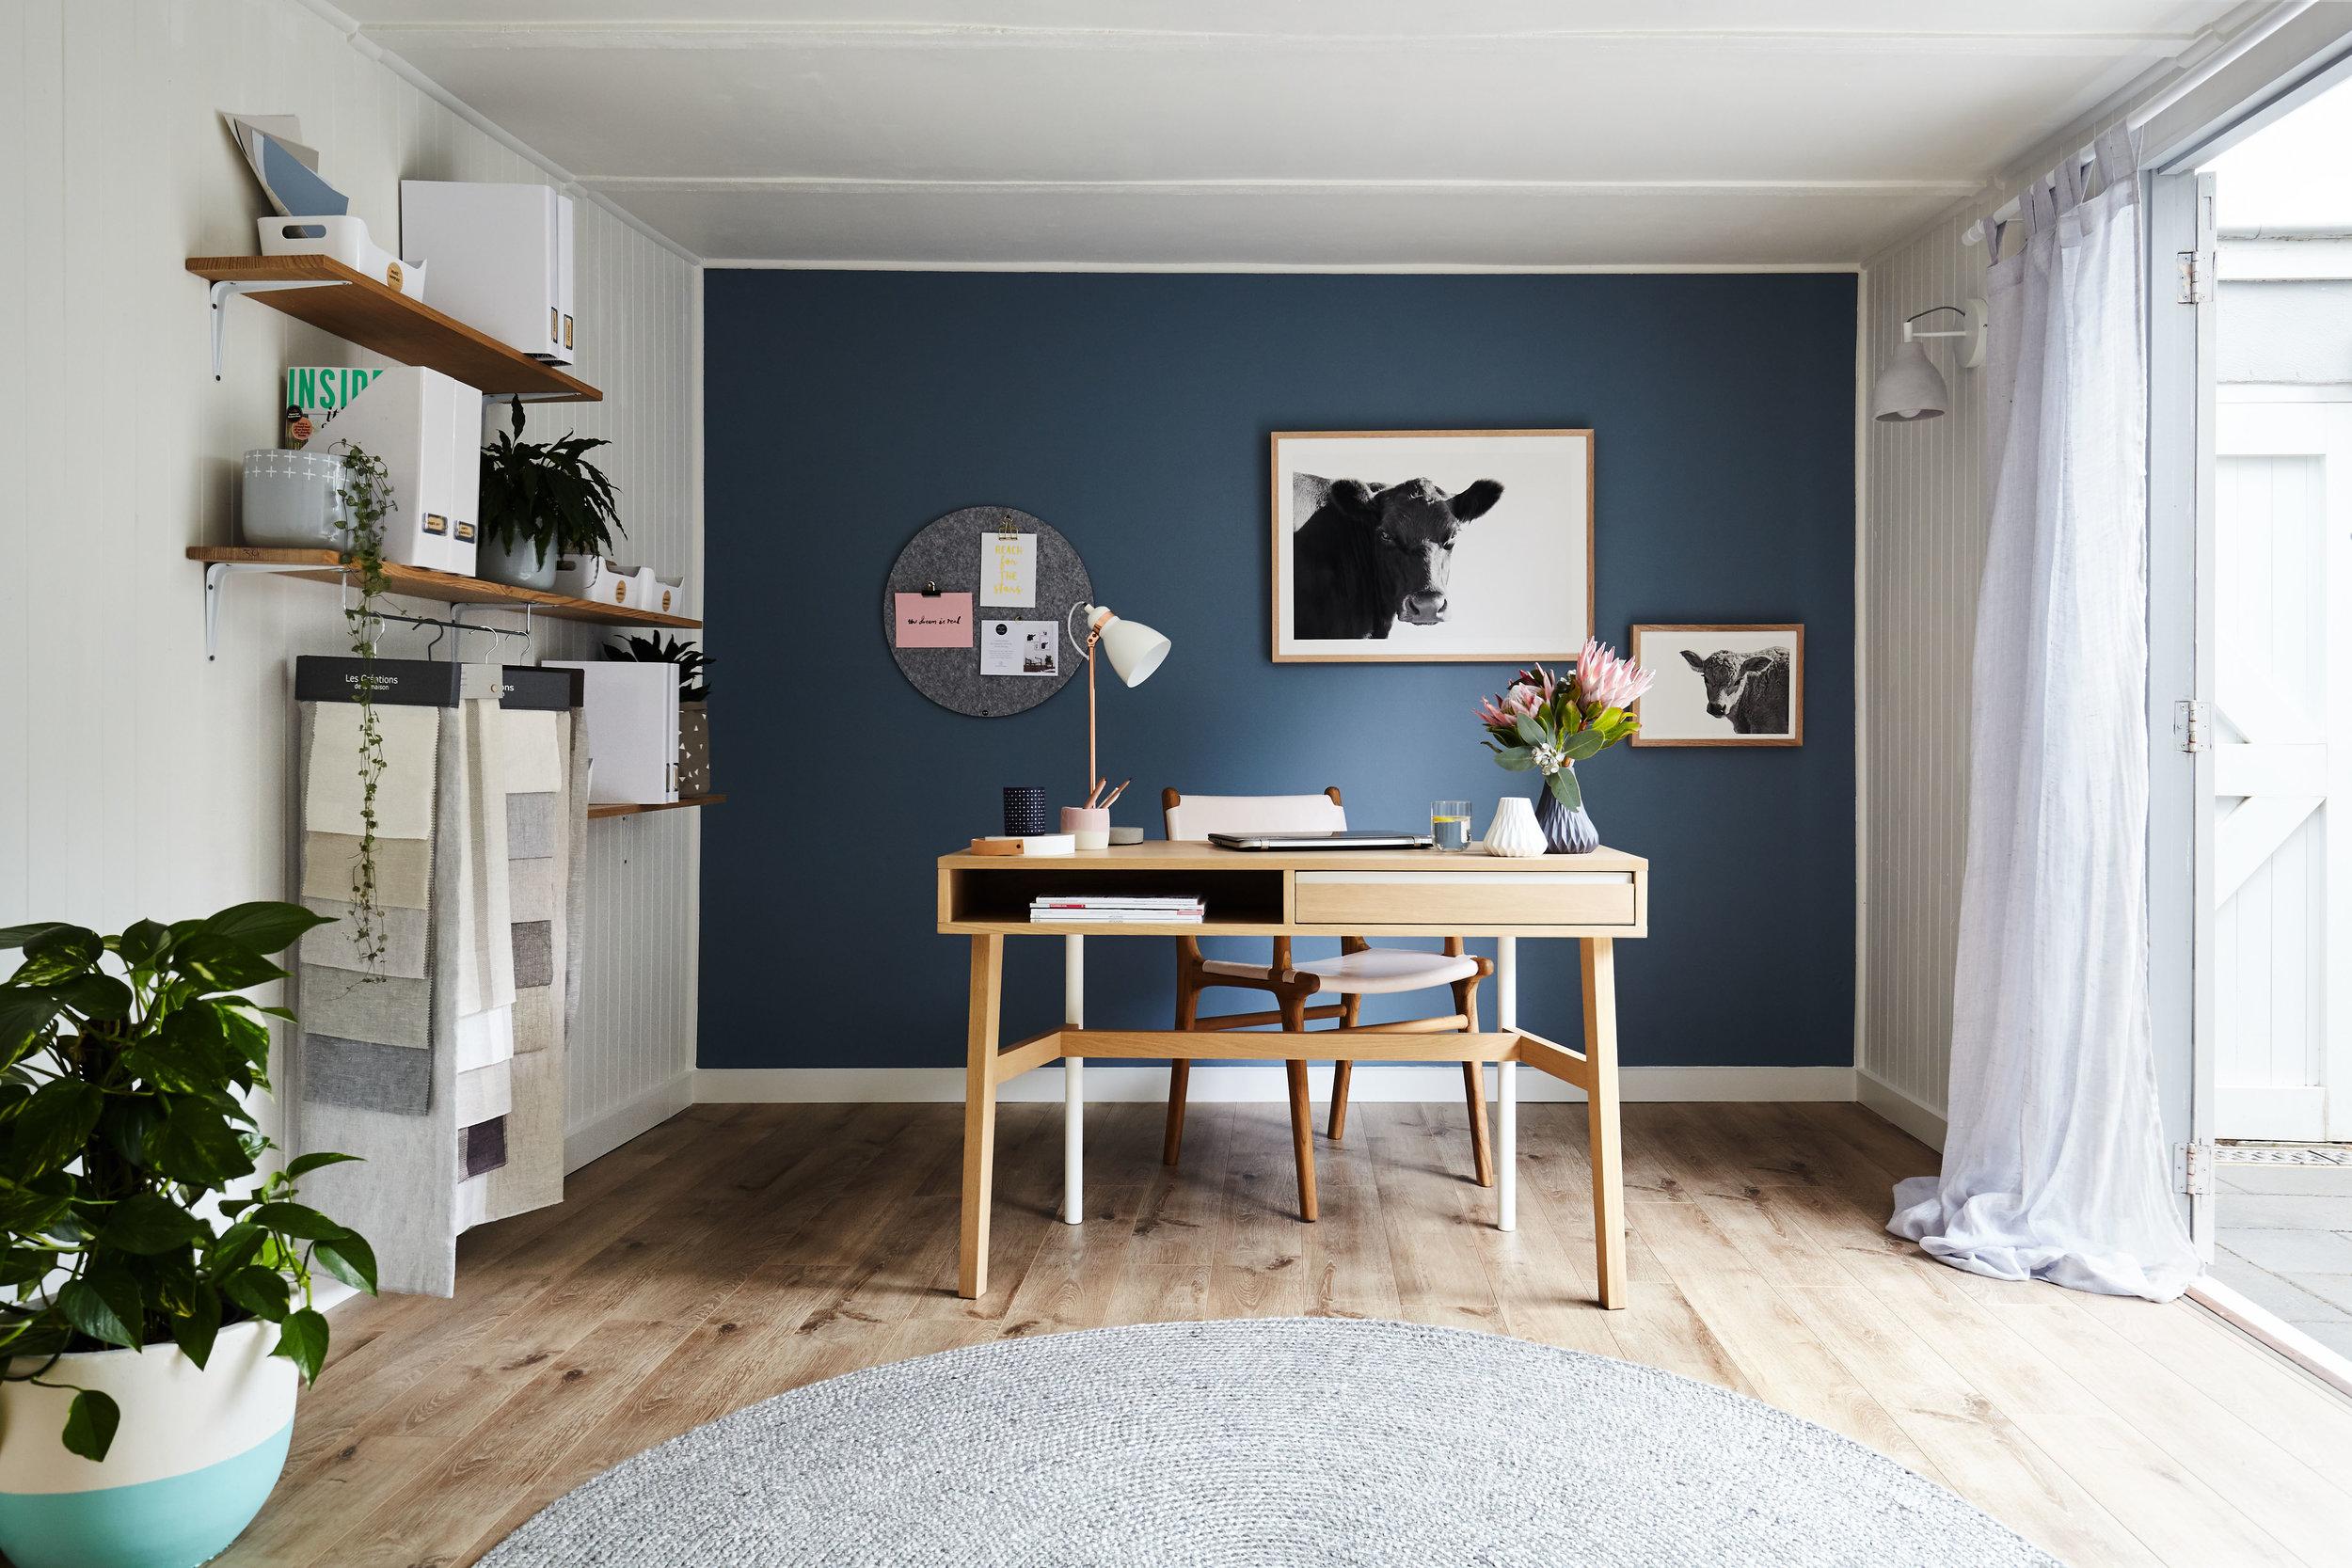 Maitland Street Interiors, Sarah Elshaug, Interior Decorator Melbourne, The MSI Studio, Home Office, Interior Stylist Melbourne
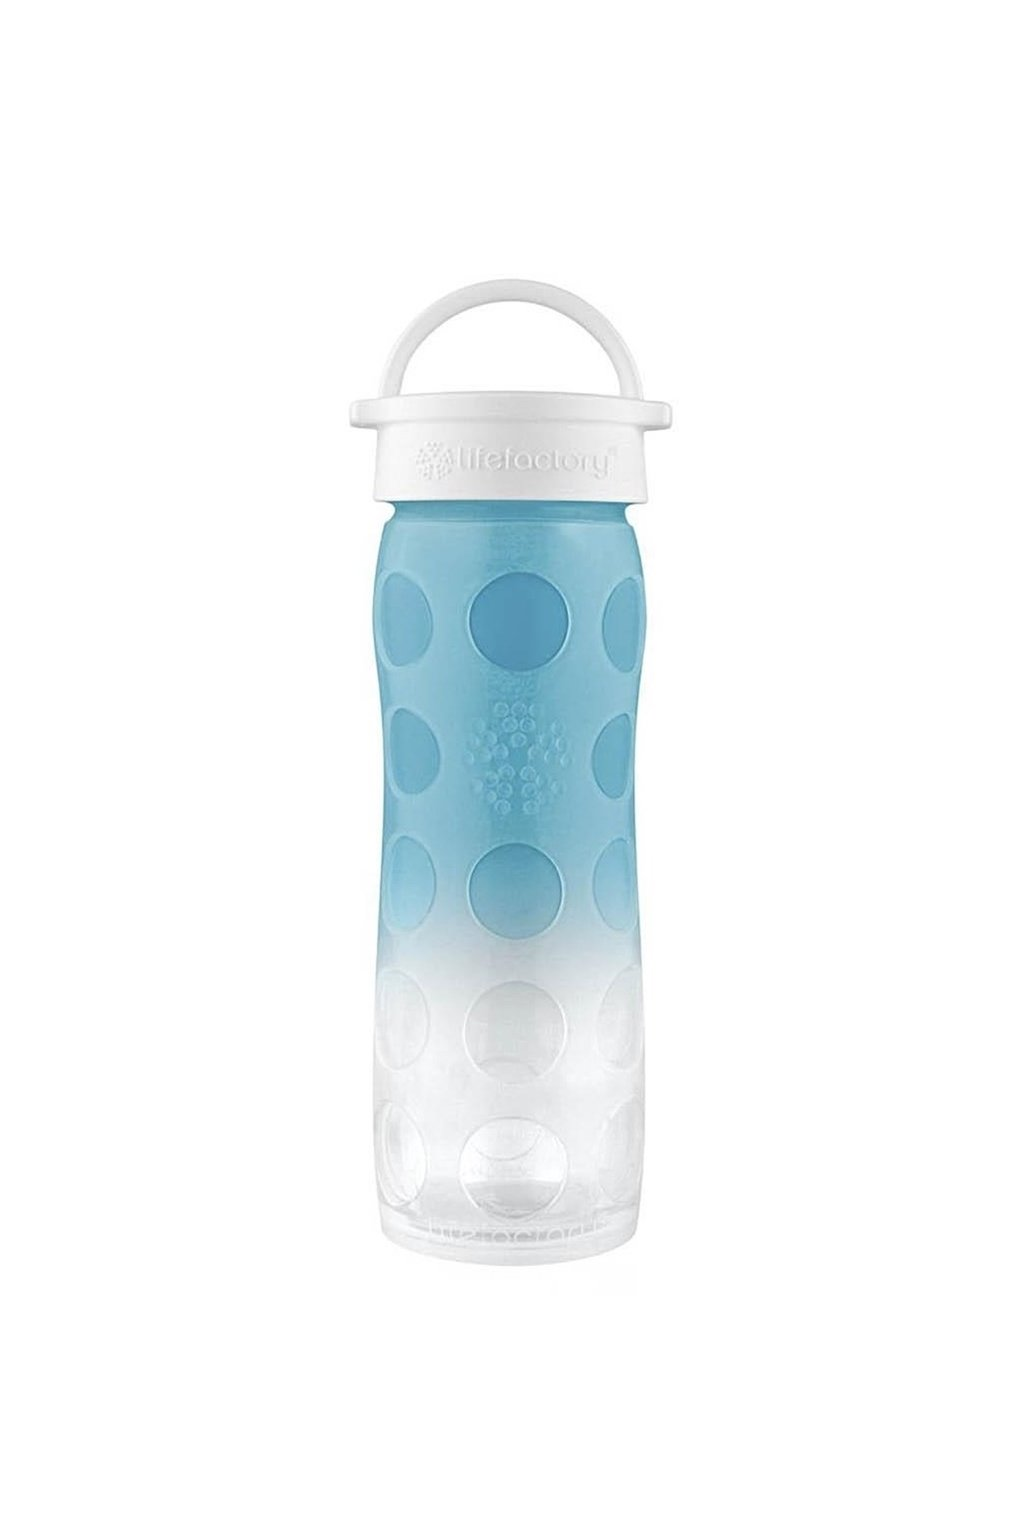 Sklenena lahev pro holky Lifefactory 475 ml Ultramarine Ombre
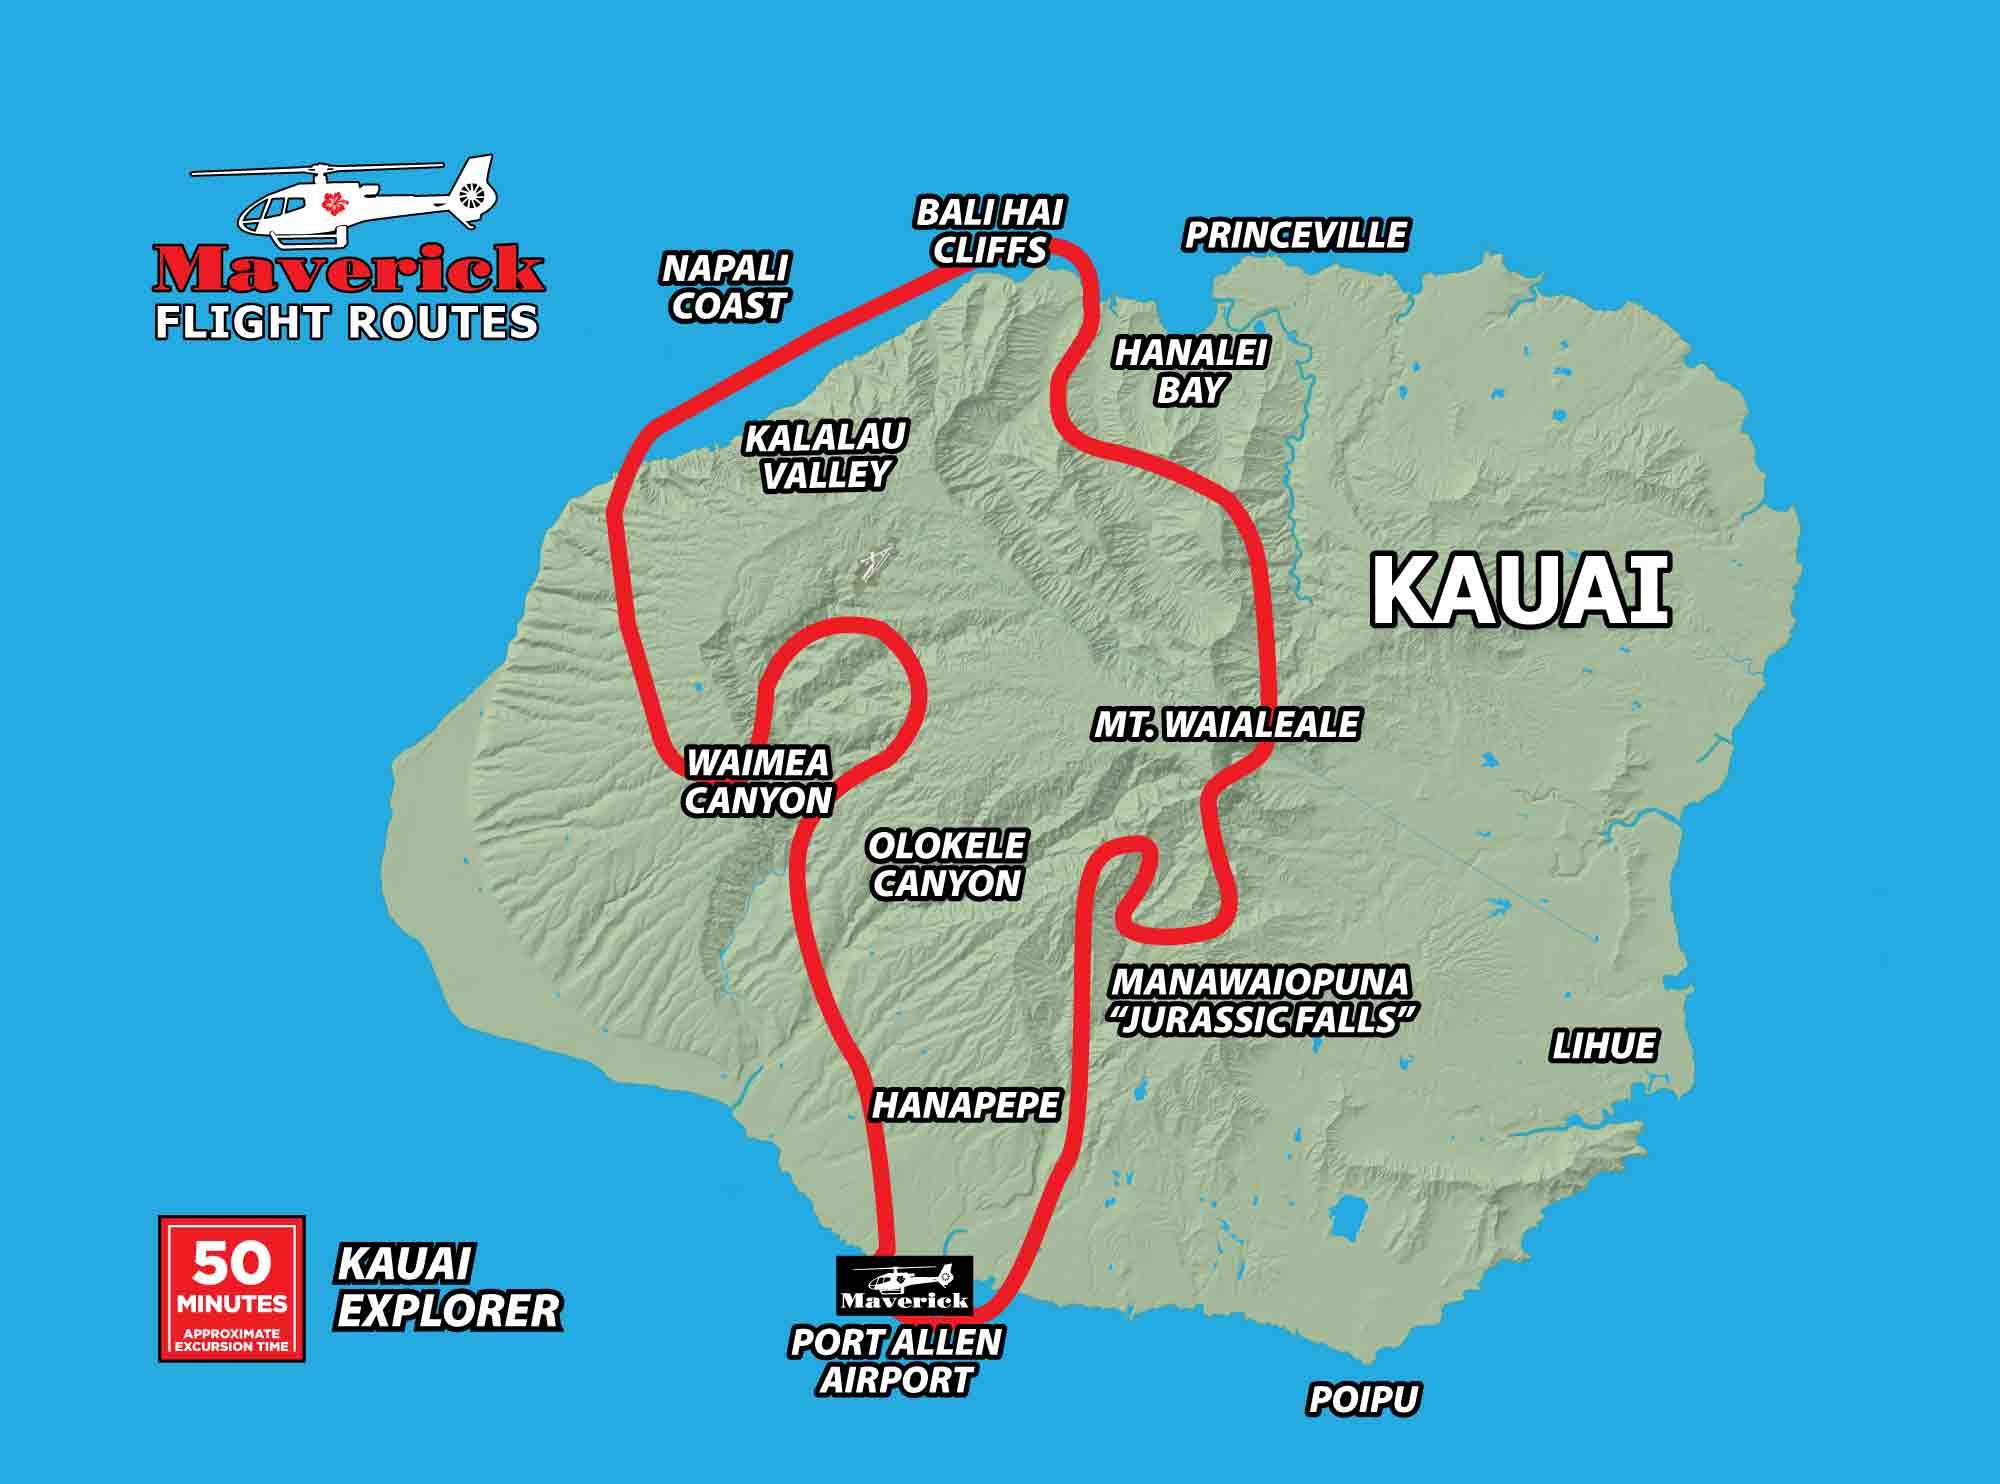 Kauai Helicopter Flight | Kauai Explorer | 808-241-7999 on maui snorkel map, kauai camping map, kauai flood zone map, lydgate park kauai map, kauai restaurant map, kauai road map, kauai ahupua a map, oahu river map, kauai hunting map, kauai cities map, kauai waterfalls, kauai recreational trail map, kauai hi beaches map, kauai bike trail map, haena kauai map, kauai beach map, kauai activities, kauai tourist map, princeville kauai map, kauai points of interest map,

+++

● **Exercise**: Each line from the start of the listing above through the line with "Sklenena lahev pro" is what to output, exactly as written and without pictures.

● **Task solution**:
 Maitland Street Interiors, Sarah Elshaug, Interior Decorator Melbourne, The MSI Studio, Home Office, Interior Stylist Melbourne
 Sklenena lahev pro holky Lifefactory 475 ml Ultramarine Ombre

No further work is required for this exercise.